> _How to complete this task_:
Return all the entries exactly. No pictures.

> _Extracted entries_:

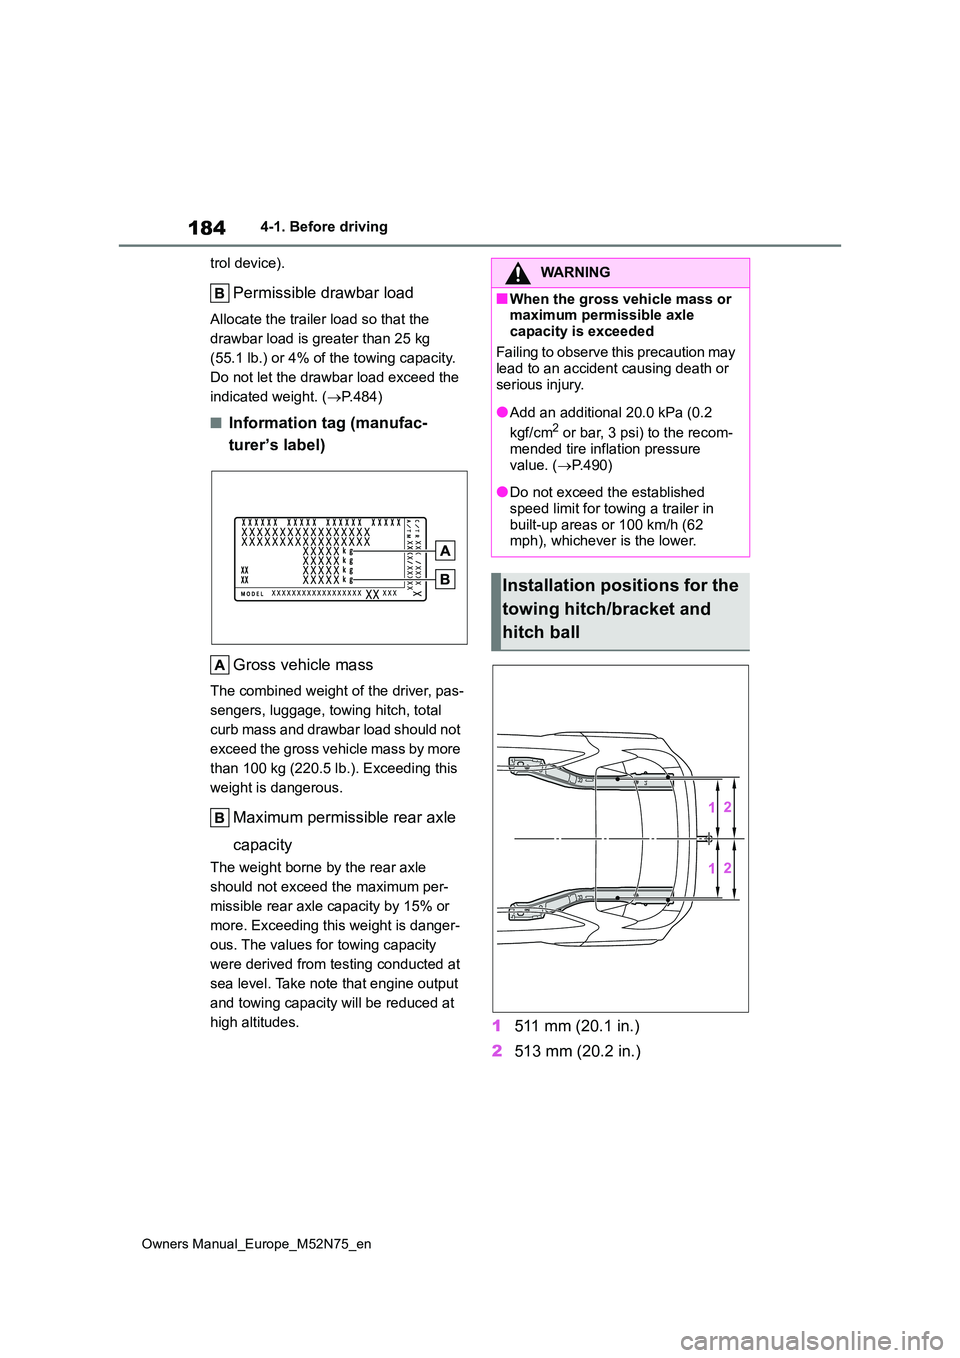 TOYOTA YARIS CROSS 2023  Owners Manual 184
Owners Manual_Europe_M52N75_en
4-1. Before driving 
trol device).
Permissible drawbar load
Allocate the trailer load so that the  
drawbar load is greater than 25 kg 
(55.1 lb.) or 4% of the towin
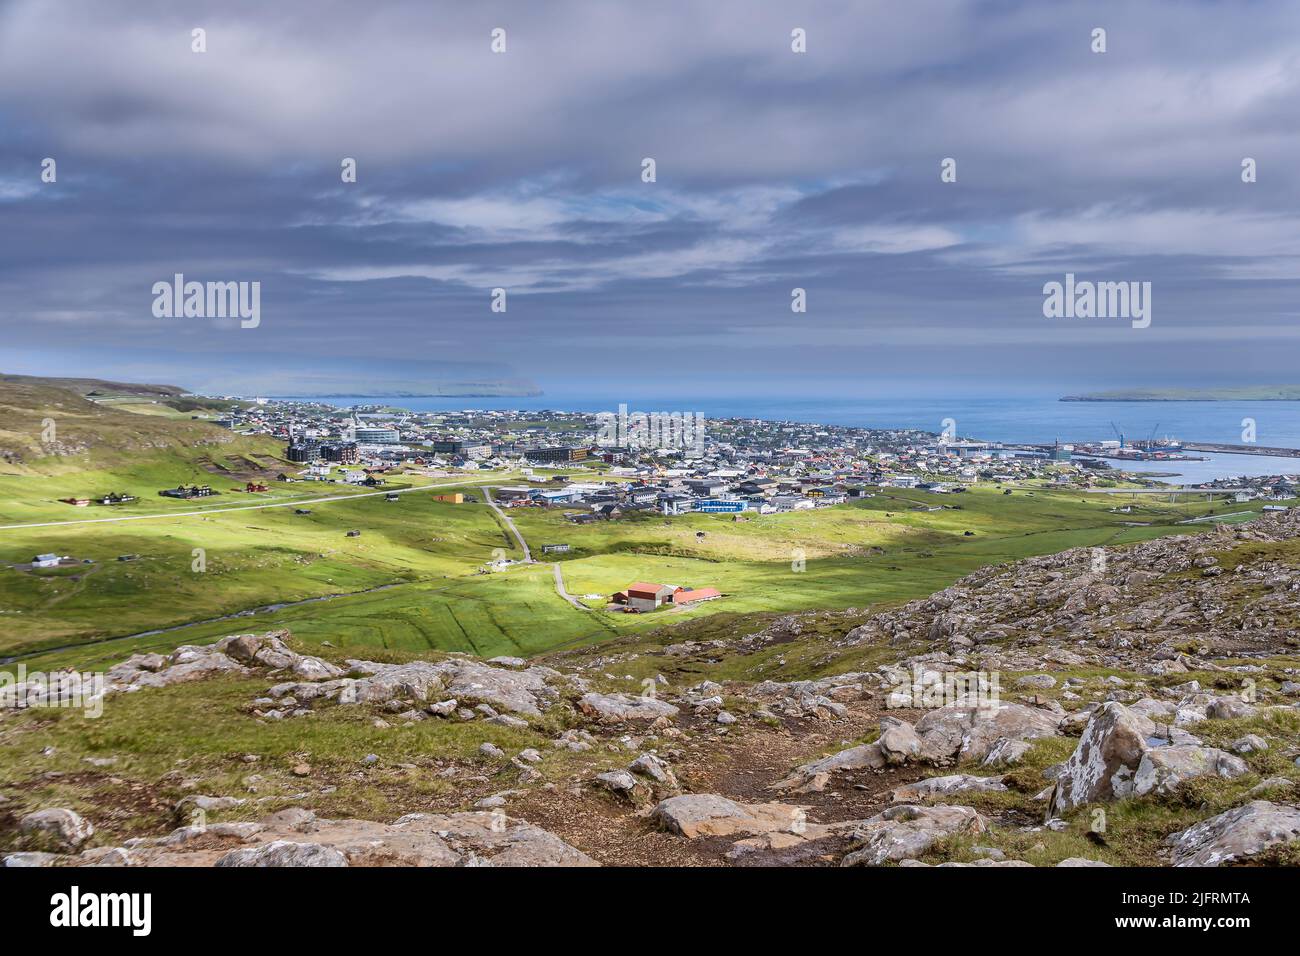 Torshavn city seen from the highlands behind the city, Faroe Islands Stock Photo

> _Result for this exercise_:
 TOYOTA YARIS CROSS 2023  Owners Manual 184
Owners Manual_Europe_M52N75_en
4-1. Before driving 
trol device).
Permissible drawbar load
Allocate the trailer load so that the  
drawbar load is greater than 25 kg 
(55.1 lb.) or 4% of the towin
 Torshavn city seen from the highlands behind the city, Faroe Islands Stock Photo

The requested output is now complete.